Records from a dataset
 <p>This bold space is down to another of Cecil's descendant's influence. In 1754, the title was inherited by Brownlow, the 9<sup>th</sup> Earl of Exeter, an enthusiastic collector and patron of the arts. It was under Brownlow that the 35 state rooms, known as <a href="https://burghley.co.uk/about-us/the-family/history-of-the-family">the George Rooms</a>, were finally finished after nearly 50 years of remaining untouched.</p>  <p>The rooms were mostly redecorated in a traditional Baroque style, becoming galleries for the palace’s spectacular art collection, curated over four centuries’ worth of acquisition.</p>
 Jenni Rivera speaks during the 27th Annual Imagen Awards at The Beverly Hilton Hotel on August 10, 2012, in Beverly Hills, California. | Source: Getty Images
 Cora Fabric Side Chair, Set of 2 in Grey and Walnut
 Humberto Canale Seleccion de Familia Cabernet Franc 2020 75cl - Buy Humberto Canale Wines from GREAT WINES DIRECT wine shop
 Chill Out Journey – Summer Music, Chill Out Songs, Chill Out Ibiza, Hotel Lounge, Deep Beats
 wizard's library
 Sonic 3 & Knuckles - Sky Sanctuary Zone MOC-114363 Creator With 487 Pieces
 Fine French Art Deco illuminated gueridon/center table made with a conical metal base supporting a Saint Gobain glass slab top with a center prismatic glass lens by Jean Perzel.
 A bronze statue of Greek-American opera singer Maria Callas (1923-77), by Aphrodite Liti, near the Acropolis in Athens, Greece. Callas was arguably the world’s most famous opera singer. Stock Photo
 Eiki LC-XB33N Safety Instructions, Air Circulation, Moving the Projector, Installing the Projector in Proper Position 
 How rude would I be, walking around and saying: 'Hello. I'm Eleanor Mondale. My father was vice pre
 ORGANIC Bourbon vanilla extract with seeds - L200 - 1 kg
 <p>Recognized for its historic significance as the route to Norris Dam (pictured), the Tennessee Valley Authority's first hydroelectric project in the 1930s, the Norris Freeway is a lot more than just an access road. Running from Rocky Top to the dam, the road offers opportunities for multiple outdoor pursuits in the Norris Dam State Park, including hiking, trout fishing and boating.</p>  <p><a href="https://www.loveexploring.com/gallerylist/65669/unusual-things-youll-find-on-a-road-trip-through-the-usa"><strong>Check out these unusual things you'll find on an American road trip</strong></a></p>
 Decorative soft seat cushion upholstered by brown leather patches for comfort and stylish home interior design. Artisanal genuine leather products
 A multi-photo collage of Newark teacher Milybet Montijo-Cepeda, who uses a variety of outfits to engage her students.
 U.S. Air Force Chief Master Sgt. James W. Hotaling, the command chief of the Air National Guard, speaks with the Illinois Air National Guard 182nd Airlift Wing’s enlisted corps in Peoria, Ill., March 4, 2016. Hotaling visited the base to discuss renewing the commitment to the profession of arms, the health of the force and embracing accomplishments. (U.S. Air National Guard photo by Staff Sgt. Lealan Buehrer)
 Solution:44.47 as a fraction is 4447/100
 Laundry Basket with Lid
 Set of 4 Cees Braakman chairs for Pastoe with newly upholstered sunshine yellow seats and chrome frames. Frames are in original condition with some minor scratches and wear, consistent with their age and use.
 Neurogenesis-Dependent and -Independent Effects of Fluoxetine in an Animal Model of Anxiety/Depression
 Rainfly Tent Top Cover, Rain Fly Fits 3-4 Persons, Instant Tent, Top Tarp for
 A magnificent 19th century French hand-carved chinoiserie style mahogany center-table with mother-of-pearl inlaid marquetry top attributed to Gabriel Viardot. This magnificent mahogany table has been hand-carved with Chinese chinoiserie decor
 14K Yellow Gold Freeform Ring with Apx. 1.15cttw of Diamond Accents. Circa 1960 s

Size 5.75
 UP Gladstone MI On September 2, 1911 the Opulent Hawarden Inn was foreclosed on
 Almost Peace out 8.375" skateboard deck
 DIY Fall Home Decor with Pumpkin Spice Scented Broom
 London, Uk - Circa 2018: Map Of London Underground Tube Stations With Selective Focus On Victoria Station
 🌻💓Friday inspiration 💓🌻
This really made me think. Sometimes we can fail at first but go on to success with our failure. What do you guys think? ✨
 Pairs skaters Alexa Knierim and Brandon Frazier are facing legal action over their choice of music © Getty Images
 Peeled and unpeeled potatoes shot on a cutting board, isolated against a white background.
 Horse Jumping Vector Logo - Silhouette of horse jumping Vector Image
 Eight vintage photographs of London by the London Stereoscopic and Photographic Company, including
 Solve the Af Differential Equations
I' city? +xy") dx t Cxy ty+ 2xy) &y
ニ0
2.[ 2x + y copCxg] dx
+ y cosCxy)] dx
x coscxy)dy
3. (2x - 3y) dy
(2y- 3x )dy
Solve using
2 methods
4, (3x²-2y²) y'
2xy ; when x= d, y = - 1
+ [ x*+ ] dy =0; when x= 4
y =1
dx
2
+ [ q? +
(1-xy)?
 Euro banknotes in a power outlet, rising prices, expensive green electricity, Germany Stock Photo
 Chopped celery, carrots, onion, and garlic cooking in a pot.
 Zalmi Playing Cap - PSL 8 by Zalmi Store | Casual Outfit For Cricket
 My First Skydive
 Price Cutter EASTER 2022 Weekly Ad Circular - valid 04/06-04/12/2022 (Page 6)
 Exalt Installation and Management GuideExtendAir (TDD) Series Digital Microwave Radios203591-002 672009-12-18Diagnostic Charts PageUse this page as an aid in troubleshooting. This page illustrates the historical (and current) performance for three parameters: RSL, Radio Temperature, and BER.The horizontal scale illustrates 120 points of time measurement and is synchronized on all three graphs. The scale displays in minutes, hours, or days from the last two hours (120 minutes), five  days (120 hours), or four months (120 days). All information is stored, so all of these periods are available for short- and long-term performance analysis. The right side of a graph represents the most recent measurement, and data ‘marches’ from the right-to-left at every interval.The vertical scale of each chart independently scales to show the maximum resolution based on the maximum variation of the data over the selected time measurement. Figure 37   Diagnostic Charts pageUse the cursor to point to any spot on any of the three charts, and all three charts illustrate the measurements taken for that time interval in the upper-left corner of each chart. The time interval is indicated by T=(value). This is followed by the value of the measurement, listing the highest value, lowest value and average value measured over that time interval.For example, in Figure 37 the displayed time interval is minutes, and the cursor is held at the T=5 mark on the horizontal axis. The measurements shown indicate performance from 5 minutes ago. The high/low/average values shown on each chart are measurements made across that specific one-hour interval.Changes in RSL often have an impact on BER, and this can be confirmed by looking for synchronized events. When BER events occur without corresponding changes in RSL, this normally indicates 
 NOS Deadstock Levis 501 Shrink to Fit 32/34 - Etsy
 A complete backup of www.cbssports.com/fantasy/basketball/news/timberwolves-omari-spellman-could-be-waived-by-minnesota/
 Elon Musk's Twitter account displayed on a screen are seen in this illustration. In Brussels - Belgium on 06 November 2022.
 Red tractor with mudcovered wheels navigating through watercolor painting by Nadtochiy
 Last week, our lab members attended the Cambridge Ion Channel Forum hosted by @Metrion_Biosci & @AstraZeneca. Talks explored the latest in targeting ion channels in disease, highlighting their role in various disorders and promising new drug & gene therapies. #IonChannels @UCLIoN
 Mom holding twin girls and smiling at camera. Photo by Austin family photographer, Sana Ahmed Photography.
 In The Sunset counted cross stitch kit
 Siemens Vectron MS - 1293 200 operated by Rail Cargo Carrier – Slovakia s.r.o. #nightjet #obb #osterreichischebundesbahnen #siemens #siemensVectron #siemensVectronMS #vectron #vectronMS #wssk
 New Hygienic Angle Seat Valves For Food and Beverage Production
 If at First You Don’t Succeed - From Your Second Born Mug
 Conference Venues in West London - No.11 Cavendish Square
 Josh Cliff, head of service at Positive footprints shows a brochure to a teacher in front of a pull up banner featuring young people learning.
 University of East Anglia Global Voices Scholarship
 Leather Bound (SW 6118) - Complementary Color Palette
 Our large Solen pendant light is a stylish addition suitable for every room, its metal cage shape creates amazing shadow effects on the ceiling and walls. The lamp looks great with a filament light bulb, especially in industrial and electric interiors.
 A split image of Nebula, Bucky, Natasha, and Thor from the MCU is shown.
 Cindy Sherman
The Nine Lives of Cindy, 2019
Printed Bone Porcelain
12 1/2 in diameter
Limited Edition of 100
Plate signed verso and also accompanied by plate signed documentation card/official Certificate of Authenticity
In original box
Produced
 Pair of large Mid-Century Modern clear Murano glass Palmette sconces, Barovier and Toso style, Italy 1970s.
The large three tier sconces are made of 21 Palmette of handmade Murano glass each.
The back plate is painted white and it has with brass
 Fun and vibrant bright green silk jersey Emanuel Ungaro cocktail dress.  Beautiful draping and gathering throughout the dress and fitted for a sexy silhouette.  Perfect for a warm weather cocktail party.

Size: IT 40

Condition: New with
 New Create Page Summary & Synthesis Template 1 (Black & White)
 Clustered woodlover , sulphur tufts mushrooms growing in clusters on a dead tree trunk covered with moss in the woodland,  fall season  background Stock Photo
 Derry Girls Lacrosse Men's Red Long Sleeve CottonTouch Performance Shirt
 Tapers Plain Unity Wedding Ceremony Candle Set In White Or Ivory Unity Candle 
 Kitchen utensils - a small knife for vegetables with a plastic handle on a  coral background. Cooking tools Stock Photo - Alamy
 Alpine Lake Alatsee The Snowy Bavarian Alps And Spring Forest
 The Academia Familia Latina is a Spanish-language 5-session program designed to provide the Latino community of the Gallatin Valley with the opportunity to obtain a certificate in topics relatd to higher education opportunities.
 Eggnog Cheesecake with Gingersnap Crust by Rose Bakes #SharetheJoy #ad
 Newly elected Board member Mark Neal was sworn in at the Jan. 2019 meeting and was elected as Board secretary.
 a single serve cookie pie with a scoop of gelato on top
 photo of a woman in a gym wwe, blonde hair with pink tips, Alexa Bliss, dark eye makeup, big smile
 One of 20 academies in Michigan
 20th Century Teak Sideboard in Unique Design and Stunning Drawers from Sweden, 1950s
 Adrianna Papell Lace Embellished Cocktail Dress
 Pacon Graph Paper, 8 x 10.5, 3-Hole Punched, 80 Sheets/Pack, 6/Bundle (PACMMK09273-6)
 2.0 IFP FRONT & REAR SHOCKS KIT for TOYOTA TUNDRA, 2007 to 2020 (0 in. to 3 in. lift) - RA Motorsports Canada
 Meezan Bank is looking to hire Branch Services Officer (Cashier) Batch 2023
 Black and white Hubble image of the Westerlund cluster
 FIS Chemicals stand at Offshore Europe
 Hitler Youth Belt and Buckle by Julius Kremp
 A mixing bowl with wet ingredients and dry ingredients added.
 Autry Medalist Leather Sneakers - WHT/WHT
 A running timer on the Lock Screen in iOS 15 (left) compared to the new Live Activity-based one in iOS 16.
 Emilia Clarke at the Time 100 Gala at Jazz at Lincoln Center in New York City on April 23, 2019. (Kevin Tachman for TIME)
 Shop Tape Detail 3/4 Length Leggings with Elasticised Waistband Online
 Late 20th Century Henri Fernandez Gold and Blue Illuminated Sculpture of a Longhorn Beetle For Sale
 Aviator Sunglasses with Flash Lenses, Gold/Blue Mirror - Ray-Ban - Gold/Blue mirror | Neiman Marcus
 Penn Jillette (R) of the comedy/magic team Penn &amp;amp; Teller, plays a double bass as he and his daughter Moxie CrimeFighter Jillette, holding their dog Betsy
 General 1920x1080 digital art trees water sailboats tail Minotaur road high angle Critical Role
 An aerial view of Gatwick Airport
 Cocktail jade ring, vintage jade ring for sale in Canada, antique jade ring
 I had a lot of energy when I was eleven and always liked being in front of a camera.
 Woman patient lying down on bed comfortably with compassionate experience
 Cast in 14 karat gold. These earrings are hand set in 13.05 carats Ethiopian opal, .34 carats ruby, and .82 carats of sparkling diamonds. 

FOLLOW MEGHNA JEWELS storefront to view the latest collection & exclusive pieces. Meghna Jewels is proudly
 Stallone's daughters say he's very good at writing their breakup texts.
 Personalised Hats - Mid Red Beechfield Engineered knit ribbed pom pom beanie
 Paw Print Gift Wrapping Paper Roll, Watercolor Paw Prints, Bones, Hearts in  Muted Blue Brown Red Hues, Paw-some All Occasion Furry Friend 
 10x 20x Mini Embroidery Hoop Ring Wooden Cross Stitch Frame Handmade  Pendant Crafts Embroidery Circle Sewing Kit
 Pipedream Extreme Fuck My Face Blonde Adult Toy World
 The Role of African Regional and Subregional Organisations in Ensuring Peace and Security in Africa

**WORK REQUIRED**
Look back at the data above. Transcribe exactly the lines starting at the line that contains "2.[ 2x + y copCxg] dx" and ending at the line that contains "Euro banknotes in".

**PROBLEM SOLUTION**
2.[ 2x + y copCxg] dx
+ y cosCxy)] dx
x coscxy)dy
3. (2x - 3y) dy
(2y- 3x )dy
Solve using
2 methods
4, (3x²-2y²) y'
2xy ; when x= d, y = - 1
+ [ x*+ ] dy =0; when x= 4
y =1
dx
2
+ [ q? +
(1-xy)?
 Euro banknotes in a power outlet, rising prices, expensive green electricity, Germany Stock Photo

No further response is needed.